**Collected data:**
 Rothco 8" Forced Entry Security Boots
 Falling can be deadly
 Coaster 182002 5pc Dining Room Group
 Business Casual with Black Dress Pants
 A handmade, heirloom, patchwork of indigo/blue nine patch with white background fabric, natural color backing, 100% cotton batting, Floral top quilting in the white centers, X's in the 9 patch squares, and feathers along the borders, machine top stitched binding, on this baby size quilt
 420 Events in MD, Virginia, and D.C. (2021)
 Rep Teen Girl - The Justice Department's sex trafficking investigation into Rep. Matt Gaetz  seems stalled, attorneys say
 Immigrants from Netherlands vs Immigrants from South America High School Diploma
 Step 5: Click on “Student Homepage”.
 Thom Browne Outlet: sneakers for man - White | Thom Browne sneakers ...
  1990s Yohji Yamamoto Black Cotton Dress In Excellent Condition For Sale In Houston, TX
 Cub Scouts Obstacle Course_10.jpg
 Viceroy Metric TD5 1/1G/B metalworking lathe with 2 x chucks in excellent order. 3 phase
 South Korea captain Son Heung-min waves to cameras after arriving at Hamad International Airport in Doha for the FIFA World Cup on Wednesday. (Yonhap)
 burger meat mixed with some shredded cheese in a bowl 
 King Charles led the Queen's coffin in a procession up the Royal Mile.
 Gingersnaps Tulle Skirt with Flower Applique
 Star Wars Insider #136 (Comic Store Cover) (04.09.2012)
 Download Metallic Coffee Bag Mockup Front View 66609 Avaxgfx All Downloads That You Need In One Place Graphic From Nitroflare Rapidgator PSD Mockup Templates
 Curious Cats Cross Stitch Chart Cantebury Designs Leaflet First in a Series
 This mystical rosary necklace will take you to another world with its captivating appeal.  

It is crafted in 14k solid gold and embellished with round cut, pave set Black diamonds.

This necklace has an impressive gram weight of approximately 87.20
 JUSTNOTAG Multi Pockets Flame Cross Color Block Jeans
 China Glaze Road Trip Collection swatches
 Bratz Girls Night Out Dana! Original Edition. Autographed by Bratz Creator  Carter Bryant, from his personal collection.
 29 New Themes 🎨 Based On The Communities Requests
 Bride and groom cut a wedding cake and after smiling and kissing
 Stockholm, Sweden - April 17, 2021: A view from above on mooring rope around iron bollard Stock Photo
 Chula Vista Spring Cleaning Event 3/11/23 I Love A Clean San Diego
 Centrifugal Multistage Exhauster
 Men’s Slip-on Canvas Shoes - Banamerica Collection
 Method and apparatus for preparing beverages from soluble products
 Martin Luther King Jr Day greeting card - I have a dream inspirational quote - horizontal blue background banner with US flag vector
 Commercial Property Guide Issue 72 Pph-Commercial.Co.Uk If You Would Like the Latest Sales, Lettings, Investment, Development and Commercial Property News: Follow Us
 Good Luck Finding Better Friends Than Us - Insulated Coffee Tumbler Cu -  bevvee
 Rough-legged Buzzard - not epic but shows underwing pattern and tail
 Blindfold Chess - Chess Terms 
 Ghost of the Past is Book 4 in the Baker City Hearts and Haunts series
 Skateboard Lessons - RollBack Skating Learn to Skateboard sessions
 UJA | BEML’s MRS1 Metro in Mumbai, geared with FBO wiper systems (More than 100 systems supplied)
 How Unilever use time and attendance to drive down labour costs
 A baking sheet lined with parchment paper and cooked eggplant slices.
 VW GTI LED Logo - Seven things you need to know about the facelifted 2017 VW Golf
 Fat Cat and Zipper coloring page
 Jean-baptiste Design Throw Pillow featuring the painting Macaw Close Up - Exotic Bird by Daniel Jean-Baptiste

**Problem requirements:**
Within the entries above, find each line where "after" appears; copy every one.

**Task response:**
 South Korea captain Son Heung-min waves to cameras after arriving at Hamad International Airport in Doha for the FIFA World Cup on Wednesday. (Yonhap)
 Bride and groom cut a wedding cake and after smiling and kissing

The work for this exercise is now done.